Phase 2 (Therapeutic Exploratory)

Trail Design

Patients: several hundred (100-300) patients with the targeted disease/condition.

Length of Study: Several months to 2 years

Purpose: Efficacy and side effects

Type of study: Randomized, placebo or active control, parallel double blinded study, single or multiple doses, multicenter [87].


• Dose range finding (Minimum and maximum effective dose) [88].

• Effectiveness for the treatment of the disease or condition for which the drug is intended to use

• Maximum Tolerated Dose (MTD)

• Common short time side effects and risks

• Pharmacokinetics

Percentage of Drugs that Move to the Next Phase 33 [89]

Phase 3 (Therapeutic Confirmatory) – Pivotal Trails

Trail Design

Patients: Several 1000 to 3,000 patients with the targeted disease/condition [90,91].

Length of Study: 1 to 4 years

Type of study: Randomized, placebo or active control, parallel double blinded study, multicenter

Purpose [92]

• Effectiveness (Large scale)

• Relative risk/benefit relationship

• Long term safety information – common side effects, drug interactions, age/rate/gender differences

• Dosing (for labeling)

• Assessment of safety and efficacy

Percentage of Drugs that Move to the Next Phase 25-30%

After completing the phase III trails the application is filed with the concerned regulatory bodies seeking permission for marketing and after the regulatory bodies grant the required approval, the product is launched into the market [93-95].

Phase 4 (Post-Marketing Therapeutic Use)

Trail Design [96]

Patients: Several hundred to thousand patients with the disease/condition.

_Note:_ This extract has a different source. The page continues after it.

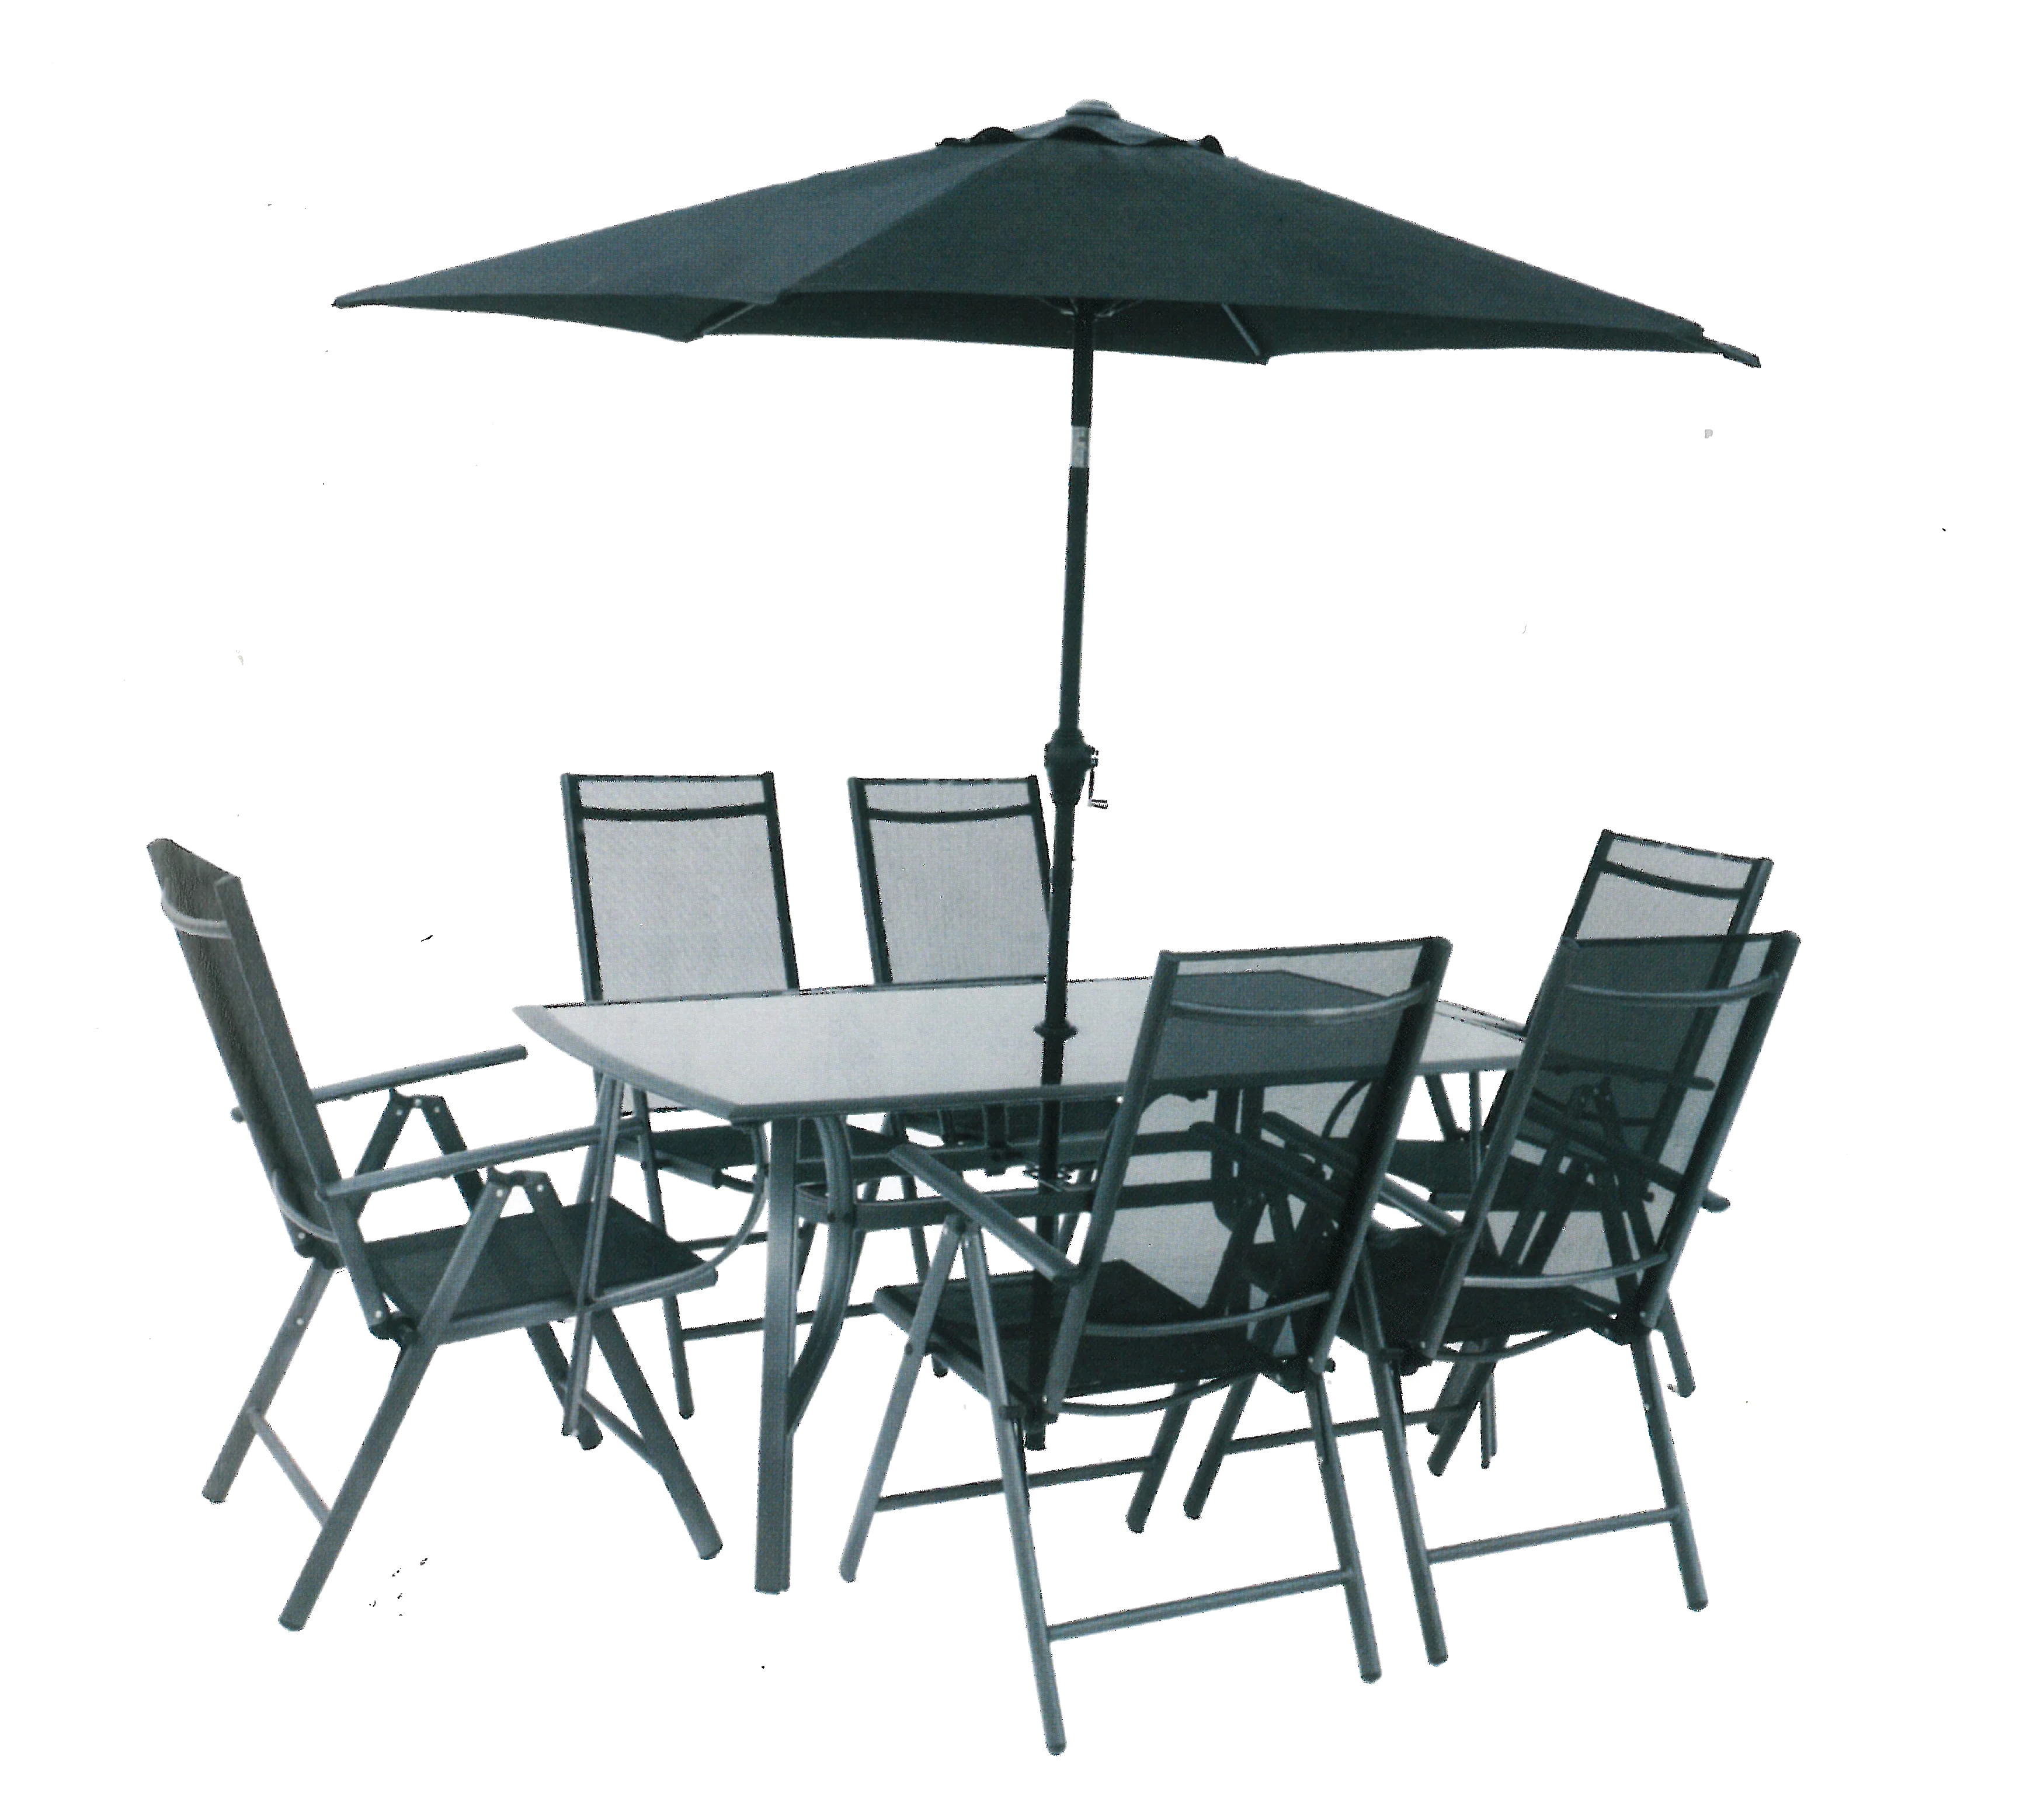 Bc 14 6 Seater Outdoor Modern Folding Table Chair Sets Patio Furniture Garden Patio Set With Umbrella Buy Garden Patio Set

Type of study: Randomized, Placebo or active control, Multicenter

Purpose [97]

• Perform Quality of Life Trails (QOL) trails

• Perform pharmacoeconomic trails – Is the drug more effective that other available treatments

• Collection of long term safety information – Epidemiological studies for safety and additional surveillance for unexpected or rare adverse effects

• Add line extensions – New dosage forms and formulations


New drugs are an important part of modern medicine with the emergence of diseases. A few decades ago, a disease such as peptic ulcers was an indication for major surgery [98]. The advent of new pharmacologic treatments and introduction of novel medications have reduced the serious complications of peptic ulcer disease. Similarly, thanks to many new antiviral medications with which the outlook for HIV-infected patients has improved. It is important that physicians understand the process of drug discovery and development [99]. Understanding the process can promote innovation, help physicians assess new products, underline the importance of reporting adverse drug events and provide physicians with the information to educate patients about participating in a clinical trial [100].